We went back to Alberta in 2005 and spent 2 weeks in Banff/Jasper National parks and Calgary. In 2007, we did Vancouver, Victoria, Seattle, and a train tour through BC to Jasper and then back through Whistler. This was all covering territory where I had lived and visited before.

It is really hard to say what is best as 3 weeks is not nearly enough to cover the coastal areas, inland, eastern BC, and western Alberta. Each area has its own scenery. I spent 2 years cruising through all the gulf islands and up and down the coastal area between Vancouver Island and the mainland. I have also covered all the inland areas and eastern BC and western Alberta. I just point that out as I cannot really tell you what is best.

You will need to decide on whether you want coastal or inland and set priorities. Otherwise you will run yourself ragged trying to cover it all. You could fly into Calgary and drive to Vancouver with side trips along the way to see the parks, etc. splitting up the time so you would be able to see some of the coastal area as well and then flying back from Vancouver. Of course you also do it in reverse order.


----------



## calgarygary (Aug 24, 2009)

One of my favourite trips, which I think would work for your timeframe and show you much of what this area has to offer is a circular tour of B.C. and the mountain parks, which you could begin/end at either Vancouver or Calgary.  We did this back in 1986 and it provided an amazing variety of locations/scenery.  We started in Calgary, took the trans Canada west to Hwy. 93 and south to Radium.  You would likely enjoy the hot springs of this area.  We continued on to Kimberly where you get a quaint, almost Bavarian atmosphere in this town.  Following this, a short 2 night stay in the Okanagan (we stayed in Pentiction) will give you some beach time or a chance to explore some Vineyards.  We then continued on to the coast where we took the ferry over to Nanaimo and then drove down to Victoria for some quality English atmoshpere.  Drive up the island after a few days in Victoria and you can stop at one of several towns for some sport fishing or continue straight on up to Port Hardy to catch the ferry to Prince Rupert (reservations on the ferry are a must).  This is a full day ferry trip that will show you much of the inside passage.  Once you leave Prince Rupert, the drive along Highway 16 will give you spectacular scenery especially along the Skeena River.  A short stay at interior towns like Terrace or Prince George might be needed to "re-charge the batteries" but I would allow several days to explore the national parks once you get to Jasper and Banff.

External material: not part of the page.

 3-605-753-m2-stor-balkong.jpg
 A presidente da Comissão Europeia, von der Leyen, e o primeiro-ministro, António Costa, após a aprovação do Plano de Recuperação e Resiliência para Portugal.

If you could time such a trip to either begin or end during Calgary Stampede, that would also give you a taste of our western heritage.


----------



## Calyn79 (Aug 31, 2009)

calgarygary said:


> Drive up the island after a few days in Victoria and you can stop at one of several towns for some sport fishing or continue straight on up to Port Hardy to catch the ferry to Prince Rupert (reservations on the ferry are a must).  This is a full day ferry trip that will show you much of the inside passage.  Once you leave Prince Rupert, the drive along Highway 16 will give you spectacular scenery especially along the Skeena River.



I would highly recommend the inside passage B.C. Ferry trip. (Port Hardy to Prince Rupert or the other way around). I live in Port Hardy. The trip is amazing at 1/4 the price if a cruiseship! Also B.C. Ferries put a brand new vessel on the trip as of May09...it is large, gorgeous, very spacious and with great food. Lots to see and do around the Port Hardy/Telegraph Cove area too....whales, fishing, beaches, hikes, first world class native cultural areas and the islands of Cormorant and Malcolm. Can't go wrong on Vancouver Island with the 'circle tour' included.


----------



## eal (Aug 31, 2009)

Back in the day, when we were young and had more time available (i.e. we were unemployed) my husband and I spent a month touring Vancouver Island in a VW van - it was the trip of a lifetime!


----------



## Laurie (Aug 31, 2009)

Passepartout said:


> If gazing at the heavens is your thing, here's a link to a B&B with an observatory http://www.jacknewton.com/canada.htm


I have stayed at this b&b, and it was my favorite b&b experience of all time! These folks are wonderful, amazing views from the rooms and the dining room table (breakfast was delicious by the way), and they provided even more amazing night-sky and morning-sun viewings thru their observatory - all included with room price.


----------



## asp (Aug 31, 2009)

as usual in life, depends on what you want to do - do you describe yourself as "urban" or "rural" ? Is quality dining (not necessarily fine dining)  important - tell us a little more, and we can help more.  I used to own a book store, and when people would ask what was good, I'd say "tell me about your favourite books".  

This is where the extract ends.